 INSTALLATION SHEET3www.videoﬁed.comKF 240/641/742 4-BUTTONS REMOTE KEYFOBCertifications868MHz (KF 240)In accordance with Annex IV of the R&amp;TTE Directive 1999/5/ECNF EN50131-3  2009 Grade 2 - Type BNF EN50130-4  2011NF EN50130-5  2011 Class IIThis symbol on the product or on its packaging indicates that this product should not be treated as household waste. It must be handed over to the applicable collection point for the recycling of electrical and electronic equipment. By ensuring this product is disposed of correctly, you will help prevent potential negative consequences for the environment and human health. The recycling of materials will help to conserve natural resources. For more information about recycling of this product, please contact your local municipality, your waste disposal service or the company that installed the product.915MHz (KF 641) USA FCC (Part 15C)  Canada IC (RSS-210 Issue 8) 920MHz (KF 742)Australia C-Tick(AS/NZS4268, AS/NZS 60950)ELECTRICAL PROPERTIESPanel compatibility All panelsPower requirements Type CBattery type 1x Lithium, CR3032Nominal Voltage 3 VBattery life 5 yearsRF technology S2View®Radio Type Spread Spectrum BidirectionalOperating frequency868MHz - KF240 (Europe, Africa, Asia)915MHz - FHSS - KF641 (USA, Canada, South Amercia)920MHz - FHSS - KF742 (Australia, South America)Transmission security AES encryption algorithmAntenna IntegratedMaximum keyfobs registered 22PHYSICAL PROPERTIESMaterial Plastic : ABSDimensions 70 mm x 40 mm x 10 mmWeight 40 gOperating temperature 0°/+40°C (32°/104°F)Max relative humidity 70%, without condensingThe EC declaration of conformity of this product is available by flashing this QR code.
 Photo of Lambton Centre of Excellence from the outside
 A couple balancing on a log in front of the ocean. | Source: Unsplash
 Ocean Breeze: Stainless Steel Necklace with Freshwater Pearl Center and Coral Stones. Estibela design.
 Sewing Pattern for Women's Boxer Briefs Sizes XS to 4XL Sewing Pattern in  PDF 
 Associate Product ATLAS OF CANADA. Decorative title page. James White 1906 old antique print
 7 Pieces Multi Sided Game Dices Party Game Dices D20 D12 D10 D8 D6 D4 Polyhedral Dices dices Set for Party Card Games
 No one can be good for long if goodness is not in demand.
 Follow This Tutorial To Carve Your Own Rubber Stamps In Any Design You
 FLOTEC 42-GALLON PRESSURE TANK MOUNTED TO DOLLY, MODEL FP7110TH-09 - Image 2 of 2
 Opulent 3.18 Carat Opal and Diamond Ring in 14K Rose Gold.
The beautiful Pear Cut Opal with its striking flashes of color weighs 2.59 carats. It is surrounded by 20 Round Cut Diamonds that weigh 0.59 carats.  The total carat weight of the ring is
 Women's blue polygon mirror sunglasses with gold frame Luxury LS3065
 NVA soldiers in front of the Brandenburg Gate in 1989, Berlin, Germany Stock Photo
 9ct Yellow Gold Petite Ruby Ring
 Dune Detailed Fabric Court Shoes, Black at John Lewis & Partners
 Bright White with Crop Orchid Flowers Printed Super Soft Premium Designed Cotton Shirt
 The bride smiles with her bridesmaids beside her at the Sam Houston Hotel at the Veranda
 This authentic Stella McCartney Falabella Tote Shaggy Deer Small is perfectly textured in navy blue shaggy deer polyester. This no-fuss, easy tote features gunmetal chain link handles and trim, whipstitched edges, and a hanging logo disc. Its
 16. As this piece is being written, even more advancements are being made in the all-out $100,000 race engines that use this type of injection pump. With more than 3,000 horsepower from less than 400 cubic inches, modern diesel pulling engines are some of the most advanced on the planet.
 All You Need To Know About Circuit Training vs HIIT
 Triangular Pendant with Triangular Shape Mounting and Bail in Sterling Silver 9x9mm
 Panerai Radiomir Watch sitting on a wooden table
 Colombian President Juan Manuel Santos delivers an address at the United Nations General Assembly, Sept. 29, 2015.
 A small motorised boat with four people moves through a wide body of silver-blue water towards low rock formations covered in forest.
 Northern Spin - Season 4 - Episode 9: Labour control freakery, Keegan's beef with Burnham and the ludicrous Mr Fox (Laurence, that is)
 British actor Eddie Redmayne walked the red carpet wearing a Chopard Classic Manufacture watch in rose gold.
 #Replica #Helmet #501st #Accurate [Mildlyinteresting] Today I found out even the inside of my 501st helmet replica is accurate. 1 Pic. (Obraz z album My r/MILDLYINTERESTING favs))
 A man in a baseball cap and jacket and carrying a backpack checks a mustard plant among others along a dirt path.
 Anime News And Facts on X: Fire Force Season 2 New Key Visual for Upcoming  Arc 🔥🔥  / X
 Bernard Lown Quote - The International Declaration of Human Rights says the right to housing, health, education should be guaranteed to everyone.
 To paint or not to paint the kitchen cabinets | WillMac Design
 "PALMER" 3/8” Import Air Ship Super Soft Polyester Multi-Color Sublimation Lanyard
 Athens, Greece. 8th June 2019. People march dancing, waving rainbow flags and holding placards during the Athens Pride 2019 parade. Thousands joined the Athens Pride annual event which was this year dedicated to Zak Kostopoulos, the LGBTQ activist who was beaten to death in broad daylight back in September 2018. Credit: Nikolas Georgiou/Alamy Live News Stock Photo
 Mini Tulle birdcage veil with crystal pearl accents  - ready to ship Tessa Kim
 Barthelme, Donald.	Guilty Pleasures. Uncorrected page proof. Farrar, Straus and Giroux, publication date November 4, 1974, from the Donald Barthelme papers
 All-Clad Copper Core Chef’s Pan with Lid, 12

|---|

#### Work instructions:
Beginning with the line above that contains "7 Pieces Multi", copy each line exactly up to and including the line that contains "This authentic Stella", and go no further.

#### Finished exercise:
 7 Pieces Multi Sided Game Dices Party Game Dices D20 D12 D10 D8 D6 D4 Polyhedral Dices dices Set for Party Card Games
 No one can be good for long if goodness is not in demand.
 Follow This Tutorial To Carve Your Own Rubber Stamps In Any Design You
 FLOTEC 42-GALLON PRESSURE TANK MOUNTED TO DOLLY, MODEL FP7110TH-09 - Image 2 of 2
 Opulent 3.18 Carat Opal and Diamond Ring in 14K Rose Gold.
The beautiful Pear Cut Opal with its striking flashes of color weighs 2.59 carats. It is surrounded by 20 Round Cut Diamonds that weigh 0.59 carats.  The total carat weight of the ring is
 Women's blue polygon mirror sunglasses with gold frame Luxury LS3065
 NVA soldiers in front of the Brandenburg Gate in 1989, Berlin, Germany Stock Photo
 9ct Yellow Gold Petite Ruby Ring
 Dune Detailed Fabric Court Shoes, Black at John Lewis & Partners
 Bright White with Crop Orchid Flowers Printed Super Soft Premium Designed Cotton Shirt
 The bride smiles with her bridesmaids beside her at the Sam Houston Hotel at the Veranda
 This authentic Stella McCartney Falabella Tote Shaggy Deer Small is perfectly textured in navy blue shaggy deer polyester. This no-fuss, easy tote features gunmetal chain link handles and trim, whipstitched edges, and a hanging logo disc. Its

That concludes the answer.